Il documento riporta anche indicazioni che riguardano le ferrovie, i trasporti in metropolitana e altro ancora. Esso verrà trasmesso a tutti i Comuni e alle compagnie di trasporto della nostra Provincia [Cremona, N.d.R.], e a proposito di questo, in qualità di presidente dell’UICI di Cremona, rivolgo un invito a tutti coloro che si imbattono in una persona con palesi difficoltà visive a darle una mano, ricordando che avvicinarsi a una persona con disabilità per aiutarlo è consentito e che, indossando i dispositivi di protezione, un minuto di vicinanza non può essere così pericoloso!
Vorrei anche ricordare che per molti ciechi assoluti, il dover indossare i guanti è oltremodo penalizzante, perché il tatto è uno dei sensi maggiormente utilizzati dalle persone con disabilità visiva e i guanti possono rendere alquanto complicate certe semplici operazioni, quali ad esempio maneggiare banconote o digitare su una tastiera, o anche solo premere pulsanti , come quelli di un citofono o di un ascensore.
Io ho sempre viaggiato da sola, a volte ricorrendo al prezioso aiuto del Servizio Assistenza Disabili delle Ferrovie dello Stato, ma anche questo adesso pare diventerà un incubo per chi non vede, perché mi è stato segnalato da più parti che qualunque disabile, per salire a bordo di un treno, dovrà essere trasportato su una carrozzina, probabilmente per ridurre al minimo il contatto fisico tra l’operatore e la persona da accompagnare.
Questo per noi, che rivendichiamo orgogliosamente una raggiunta autonomia e indipendenza, può risultare piuttosto umiliante e creare non poche difficoltà, ad esempio a chi si fa accompagnare da un cane guida, perché, come mi è stato riferito, è previsto che cane e cieco dovranno essere divisi, per essere caricati separatamente sul treno.
Mi rammarica dovere esprimere qui un grave dissenso con questo tipo di comportamento da parte delle Ferrovie, perché da anni mi servo di cani guida per muovermi in autonomia e il pensiero che qualcuno mi separi dal mio fedele accompagnatore, sapendo soprattutto che è qualcun altro ad occuparsene, mi getta un po’ nel panico!

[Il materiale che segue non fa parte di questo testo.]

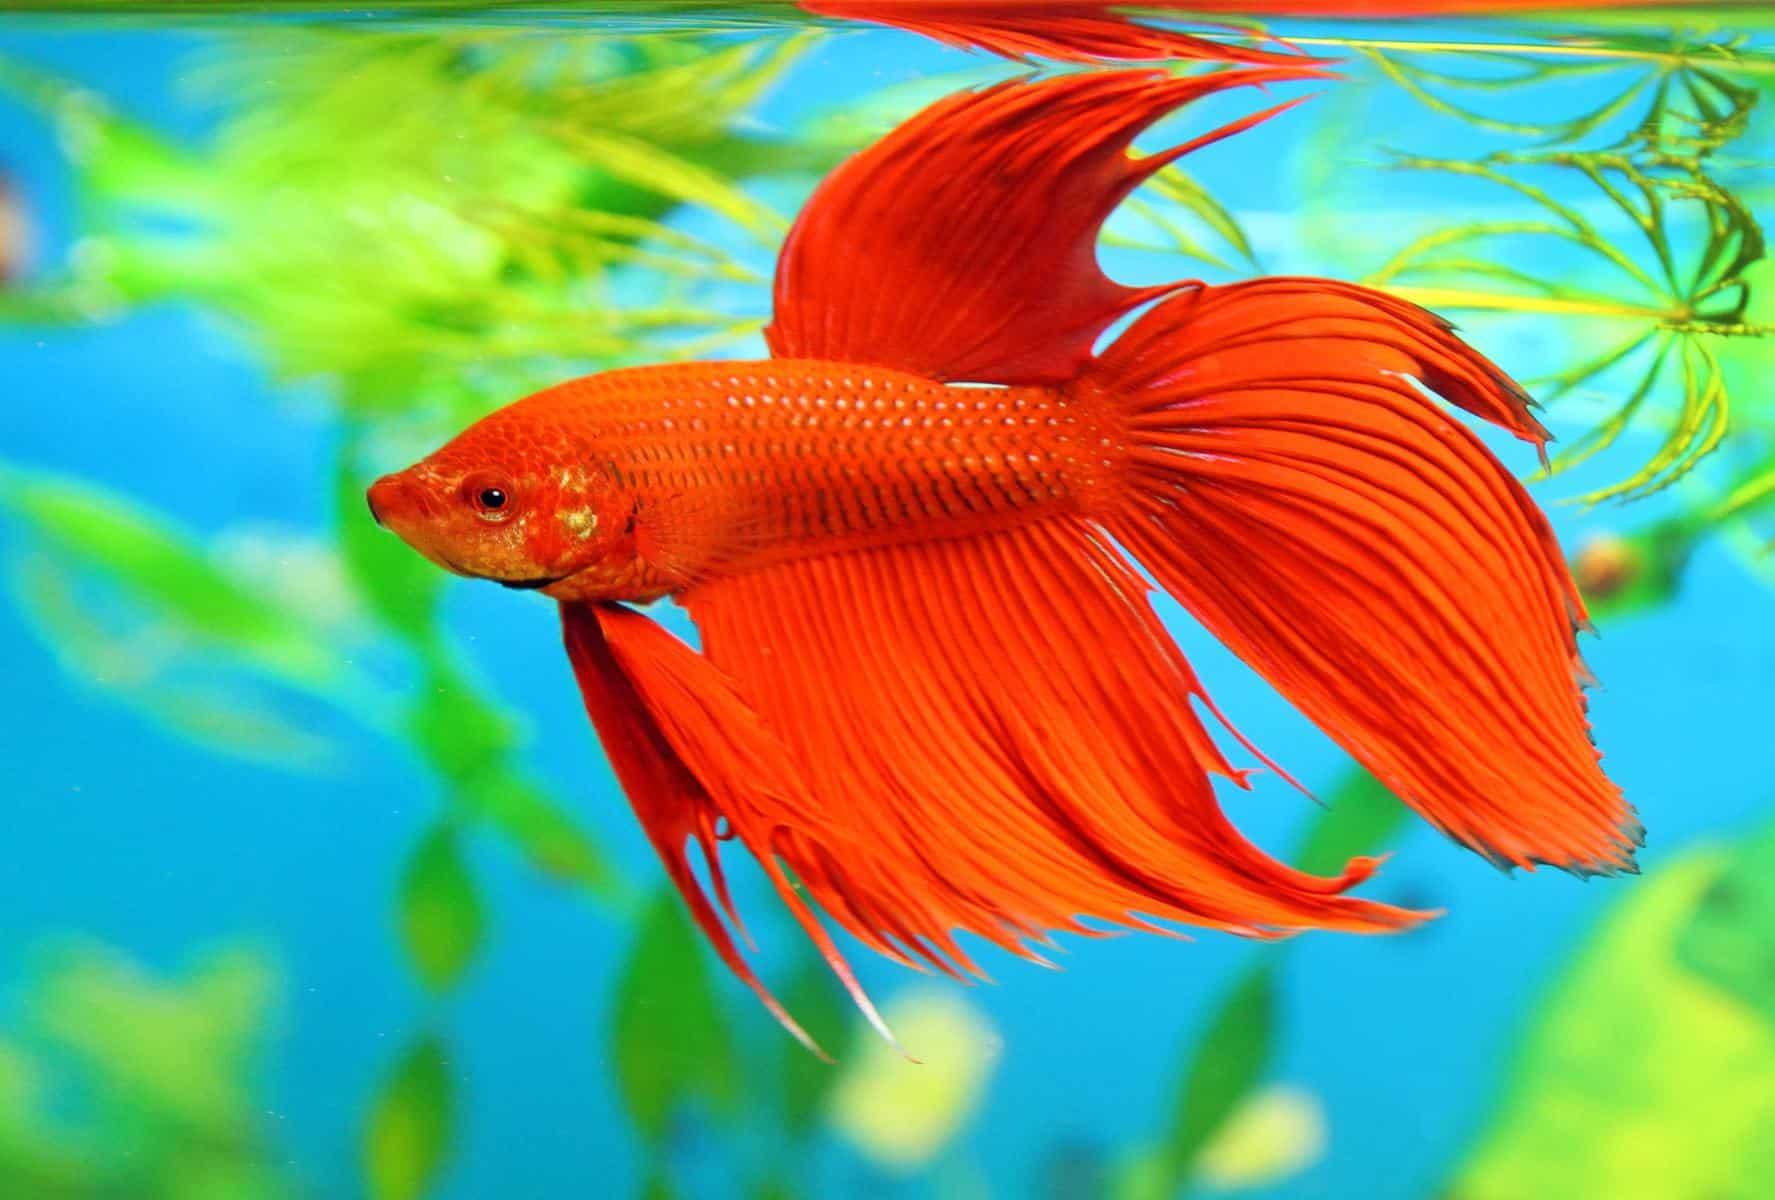 betta fish in aquarium full of lights

Tutto questo può davvero pregiudicare la ripresa della nostra vita sociale, a partire dal ritorno al lavoro da parte di molti di noi, che vorrebbero solo ricominciare a vivere un’esistenza il più possibile indipendente e dignitosa come prima del coronavirus.

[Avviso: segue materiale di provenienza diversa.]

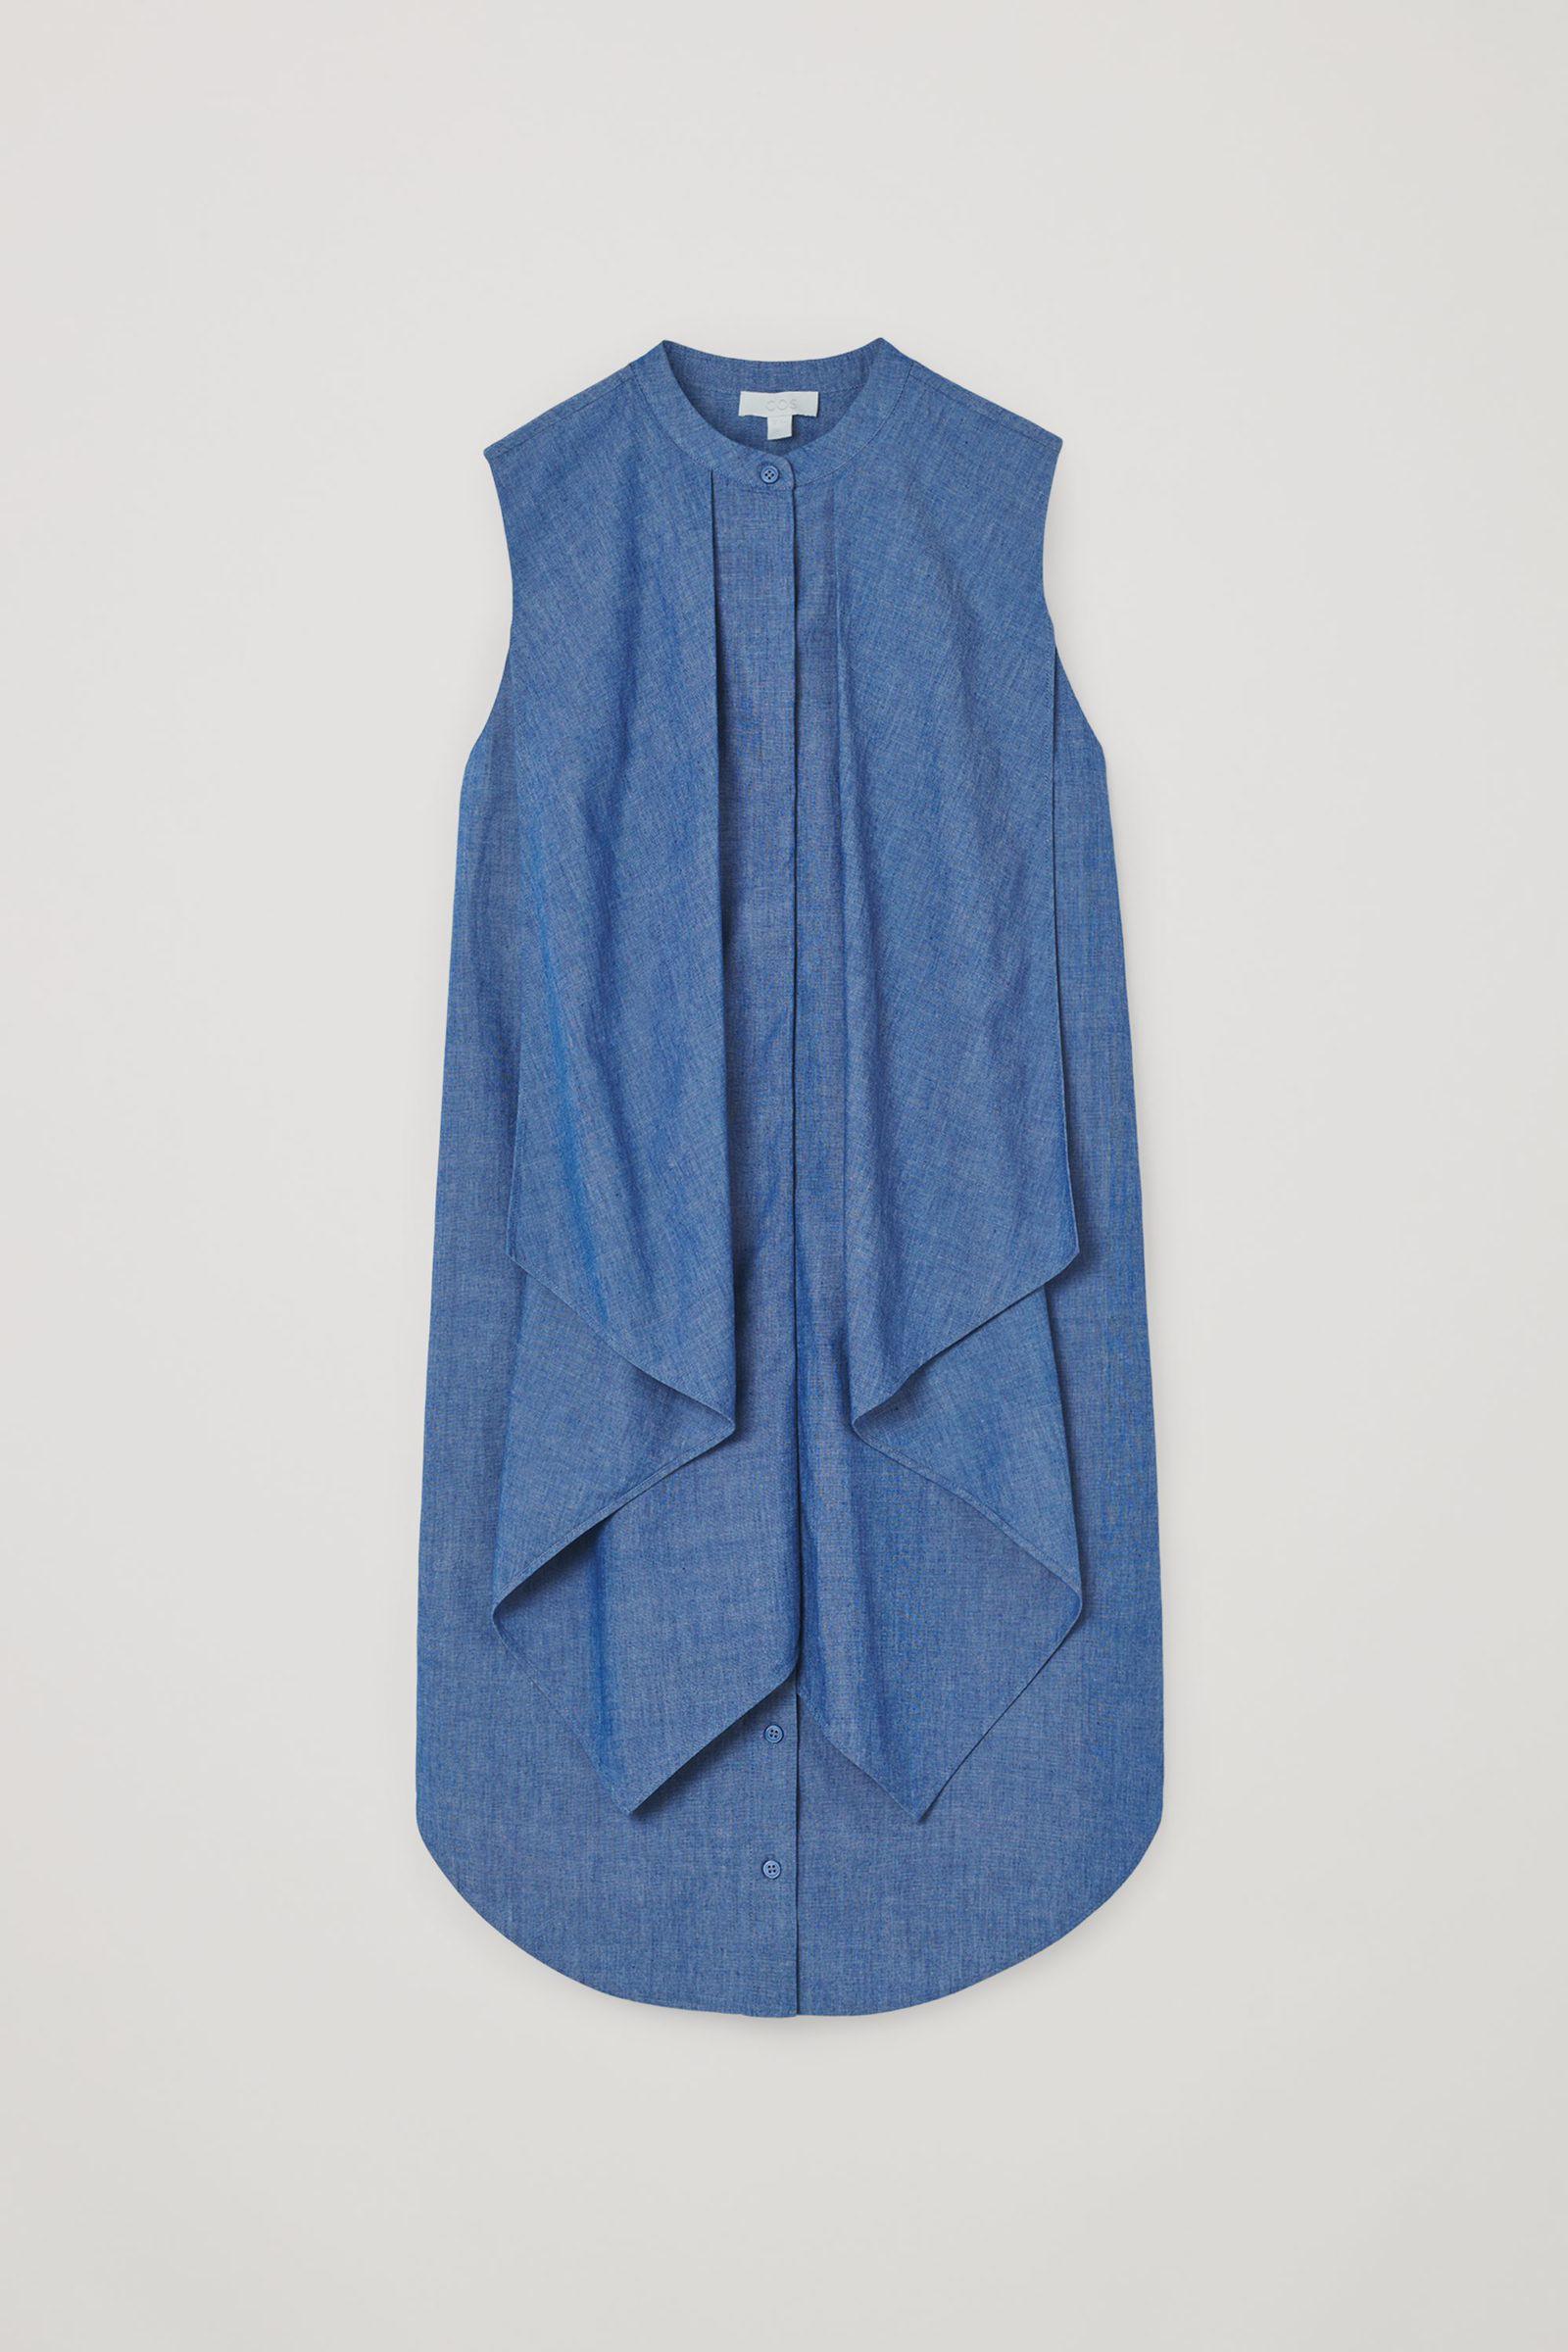 COS 오가닉 코튼 러플드 데님 드레스의 블루컬러 Product입니다.

Concludo inoltre manifestando perplessità e dubbi per quanto riguarda l’insegnamento a distanza, per il quale vengono a volte utilizzate piattaforme poco gestibili da parte di chi ha problemi di vista.

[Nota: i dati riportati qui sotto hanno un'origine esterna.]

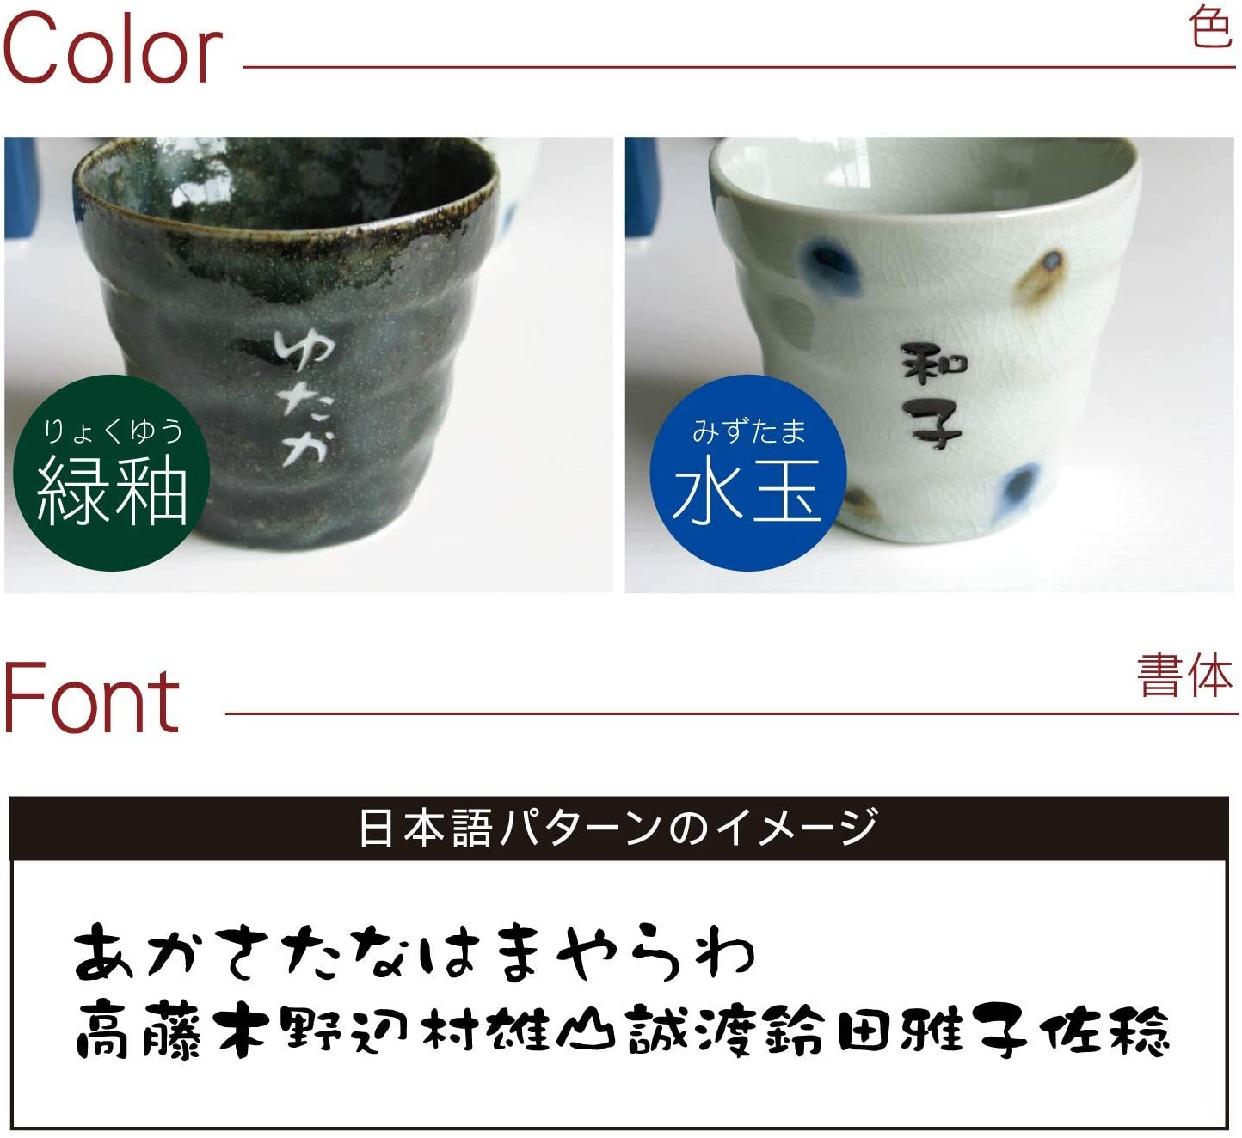 きざむ名入れ美濃焼ごろりん焼酎ロックカップ 緑釉の商品画像3

In questo periodo di isolamento, durante il quale gli alunni con disabilità non potevano contare sull’insegnante di sostegno o sugli educatori, mi chiedo se la scuola che tanto si vanta di essere oggi inclusiva non si sia trasformata in una forma di esclusione per tanti ragazzi non vedenti e ipovedenti, privati del loro diritto allo studio.
Anche questo, purtroppo, è un triste lascito del coronavirus, che però occorrerebbe far di tutto per superare: basterebbe ricordare che l’accessibilità sul web è sancita dalla legge ed è un diritto sacrosanto di tutti!